Do professional traders use candlestick patterns? ›

Traders use candlestick charts to determine possible price movement based on past patterns. Candlesticks are useful when trading as they show four price points (open, close, high, and low) throughout the period the trader specifies. Many algorithms are based on the same price information shown in candlestick charts.

What is the 8 10 rule for candles? ›

The 8-10 Rule: Place one 8 ounce candle for every 10 feet radius of room. It's a good rule of thumb to follow the 8-10 rule to ensure your candle scent permeates the entire room equally.

What is the king candle in the stock market? ›

The King Candle trading strategy is famous for the fact that it uses price action. Price action do not use indicators, it provides clear patterns and helps in the identification of breakout points & saves you from trap of consolidation phases and false trends.

What are the secrets of candles in trading? ›

Candle size can tell you a lot about strength, momentum and trends. When candles are suddenly getting larger, it often signals a stronger trend. Small candles after a long rally can foreshadow a reversal or the end of a trend.

Which time frame is best for trading? ›

Trading at the Opening of the Market

Hence, this makes the time frame between 9:30 am to 10:30 am the ideal time to make trades. Intraday trading in the first few hours of the market opening has many benefits: – The first hour is usually the most volatile, providing ample opportunity to make the best trades of the day.
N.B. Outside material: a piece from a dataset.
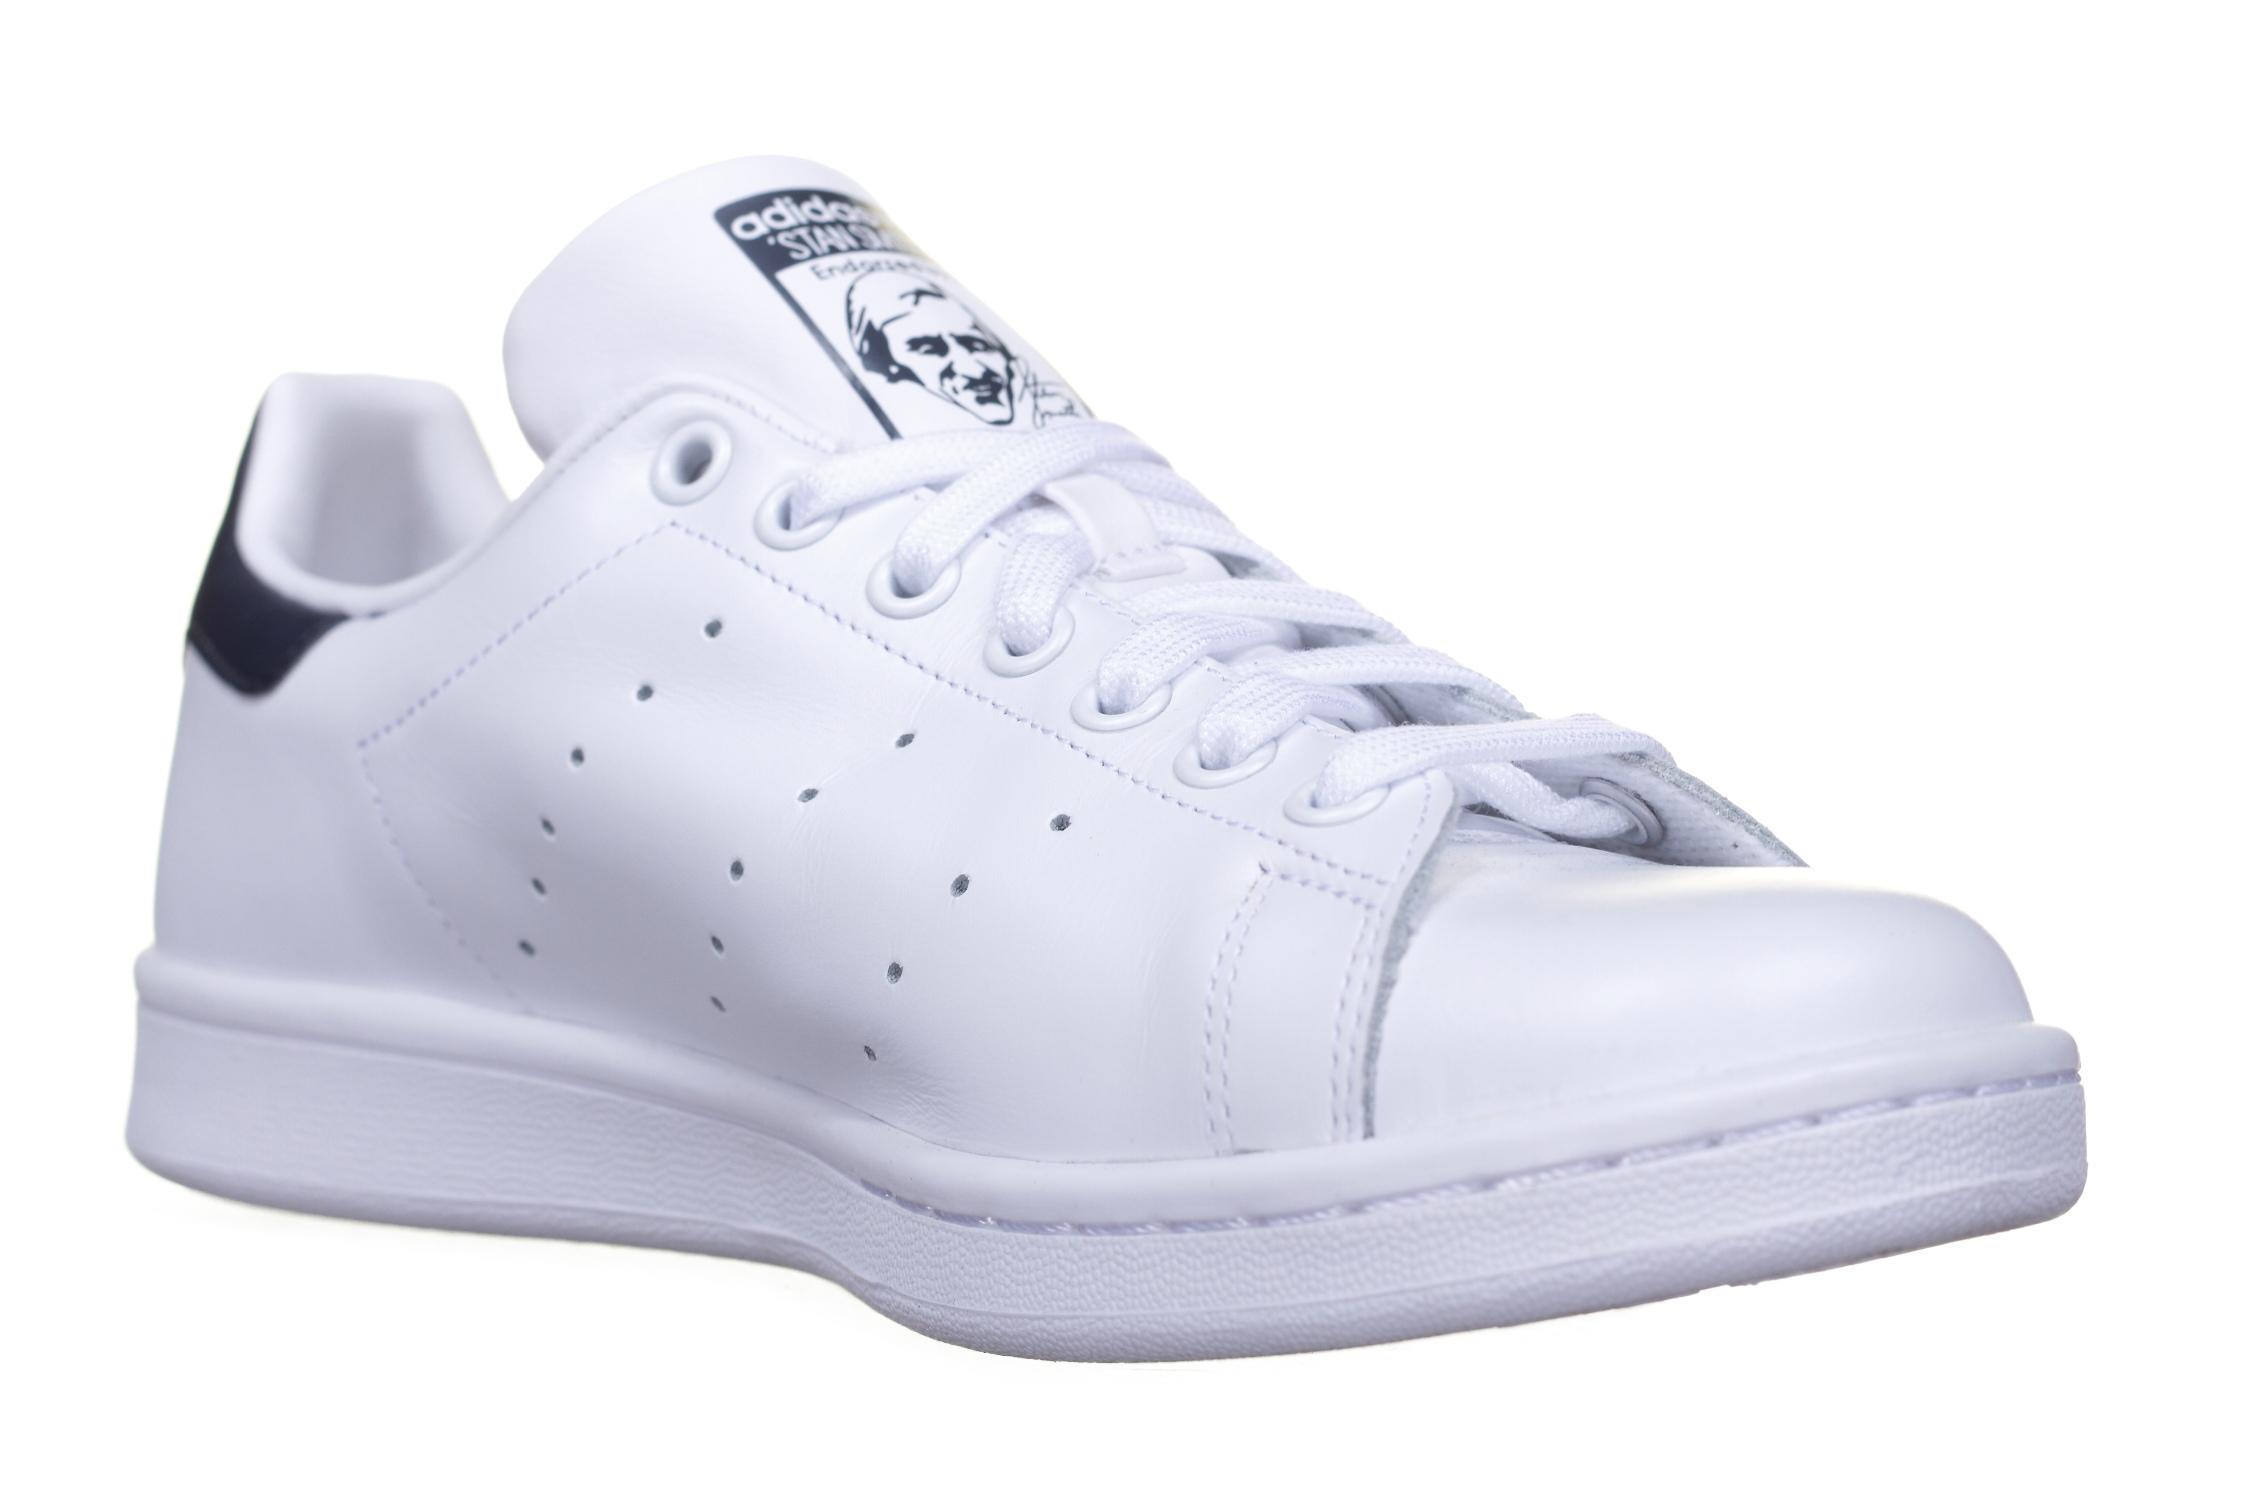 https://www.leadermode.com/78558/adidas-stan-smith-m20325-blanc-marine.jpg

What are the 42 candlestick patterns? ›

In trading, there are around 35 to 42 candlestick patterns, but some of the best tools used for determining the asset price variations are as follows:
  • #1 – Bullish and Bearish Engulfing. ...
  • #2 – Bullish and Bearish Harami. ...
  • #3 – Evening Star and Morning Star. ...
  • #4 – Shooting Star. ...
  • #7 – Hammer. ...
  • #9 – Doji.

What is the most powerful bullish candlestick pattern? ›

The three white soldiers pattern occurs over three days. It consists of consecutive long green (or white) candles with small wicks, which open and close progressively higher than the previous day. It is a very strong bullish signal that occurs after a downtrend, and shows a steady advance of buying pressure.
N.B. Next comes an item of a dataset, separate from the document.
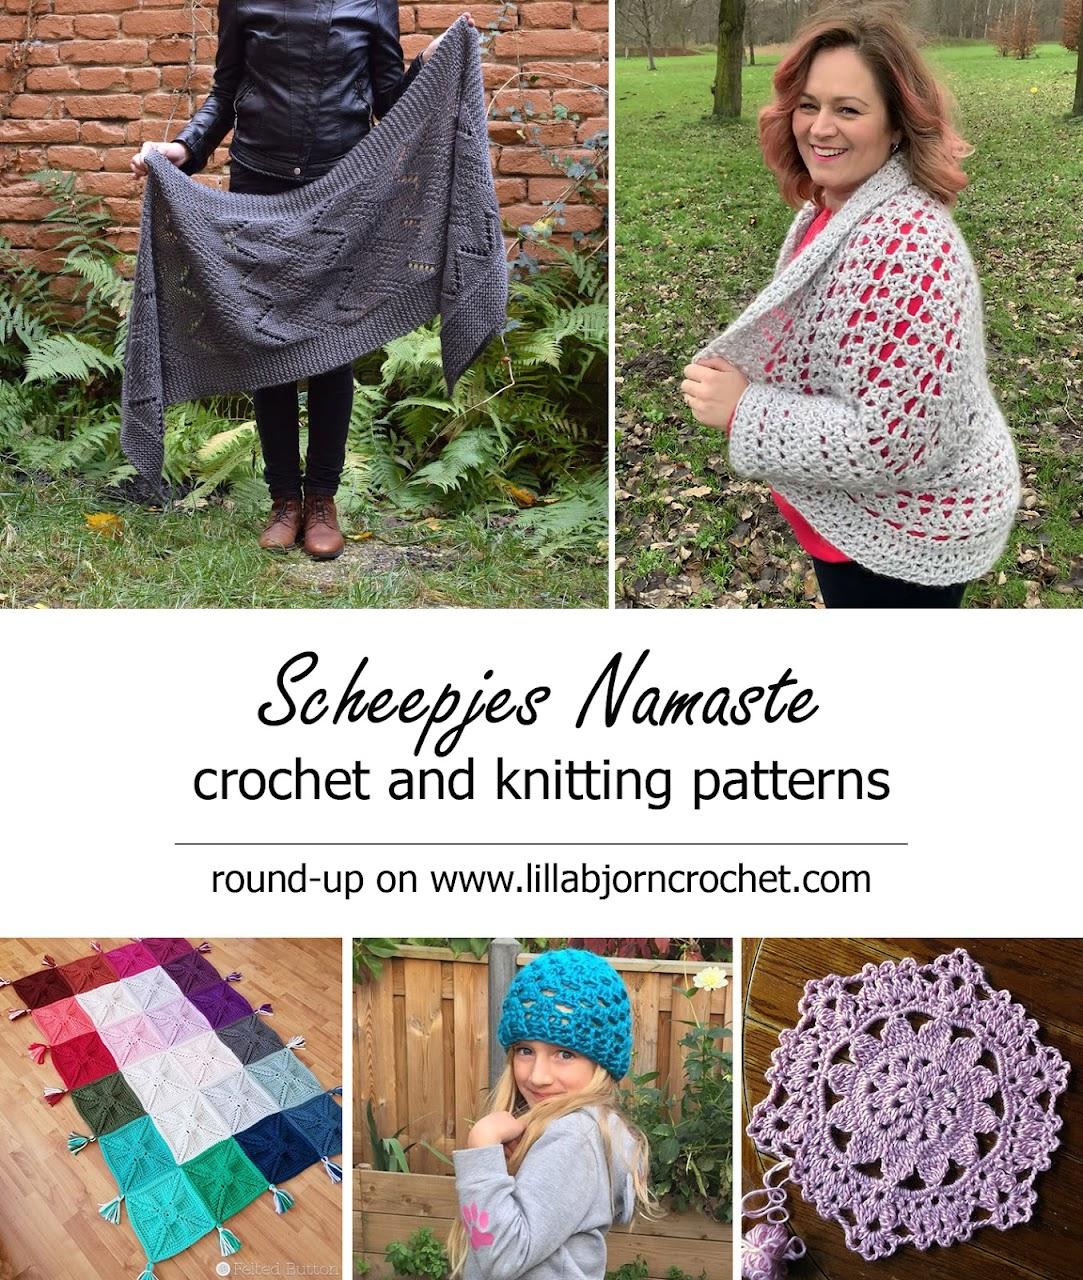 Scheepjes Namaste FREE patterns - round-up by www.lillabjorncrochet.com

How to master candlestick pattern? ›

How to Analyse Candlestick Chart
  1. If the upper wick on a red candle is short, then it indicates that the stock opened near the high of the day.
  2. On the other hand, if the upper wick on a green candle is short, then it indicates that the stock closed near the high of the day.
May 2, 2024

Is it worth learning candlestick patterns? ›

There are many dozens of candlestick patterns out there, but we highly discourage you from trying to remember all of them – it won't make you a better trader. Instead, learn to read price and what the way price moves tells you about what is going on in the markets.
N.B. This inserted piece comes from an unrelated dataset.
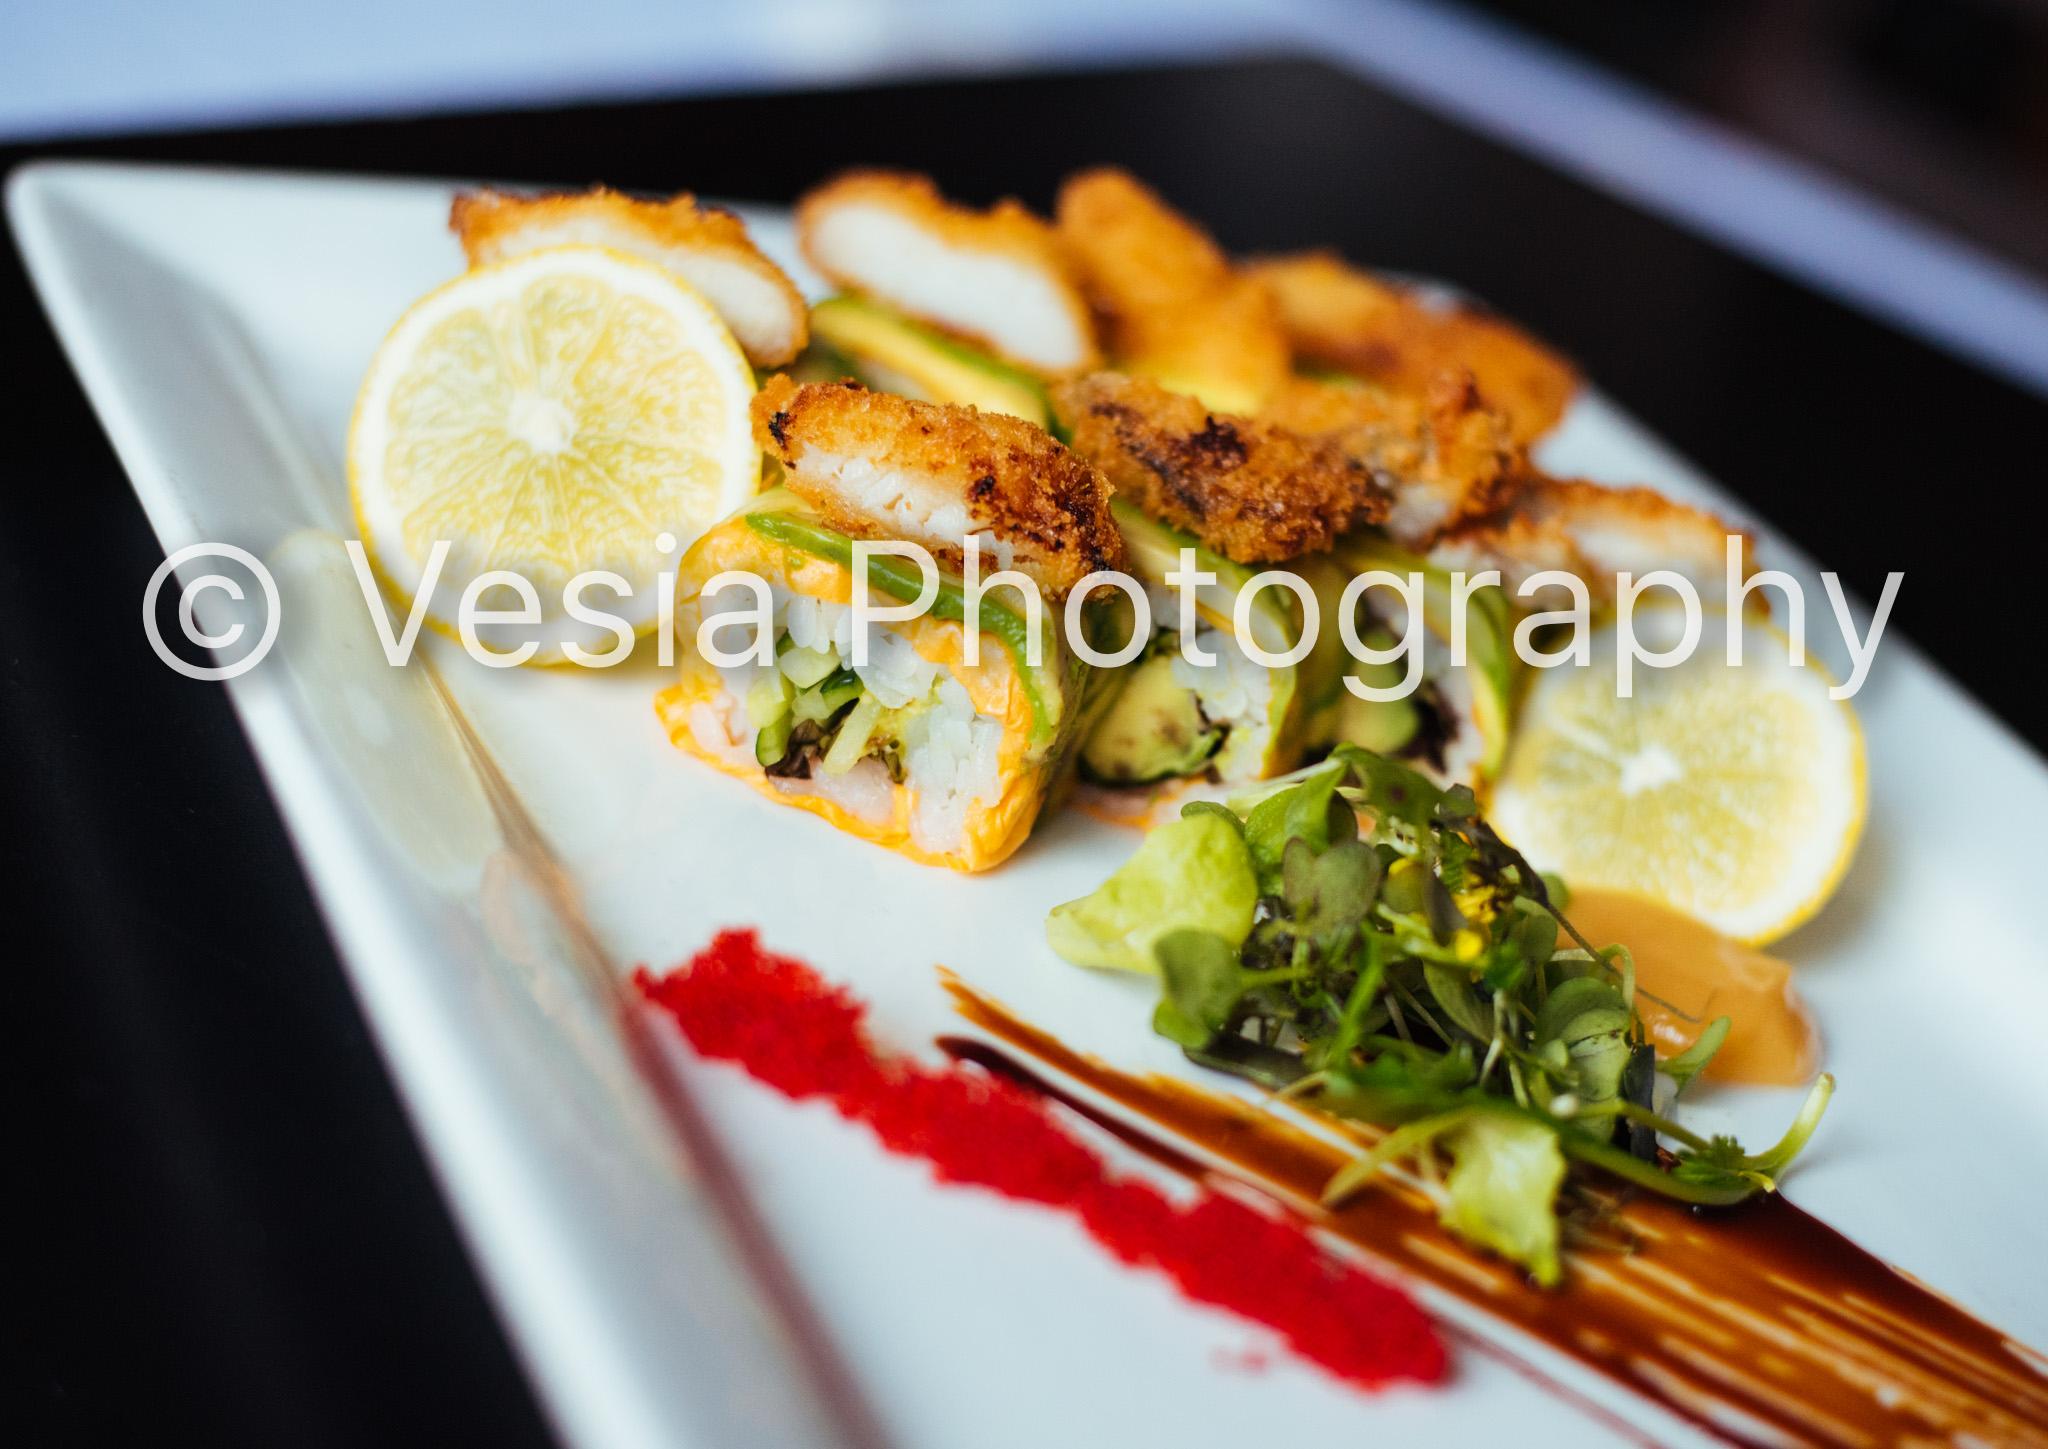 Caviar_Sushi_Proofs-20.jpg

How to predict candlestick movement? ›

A black or filled candlestick means the closing price for the period was less than the opening price; hence, it is bearish and indicates selling pressure. Meanwhile, a white or hollow candlestick means that the closing price was greater than the opening price. This is bullish and shows buying pressure.

Which candlestick pattern is most bullish? ›

The bullish engulfing pattern and the ascending triangle pattern are considered among the most favorable candlestick patterns. As with other forms of technical analysis, it is important to look for bullish confirmation and understand that there are no guaranteed results.

What percentage of candlestick patterns win? ›

The success rate (Percent Winners) for candlestick patterns is high: Among all 75 candlestick patterns, 66% beat the S&P 500 over its holding period (de-trended).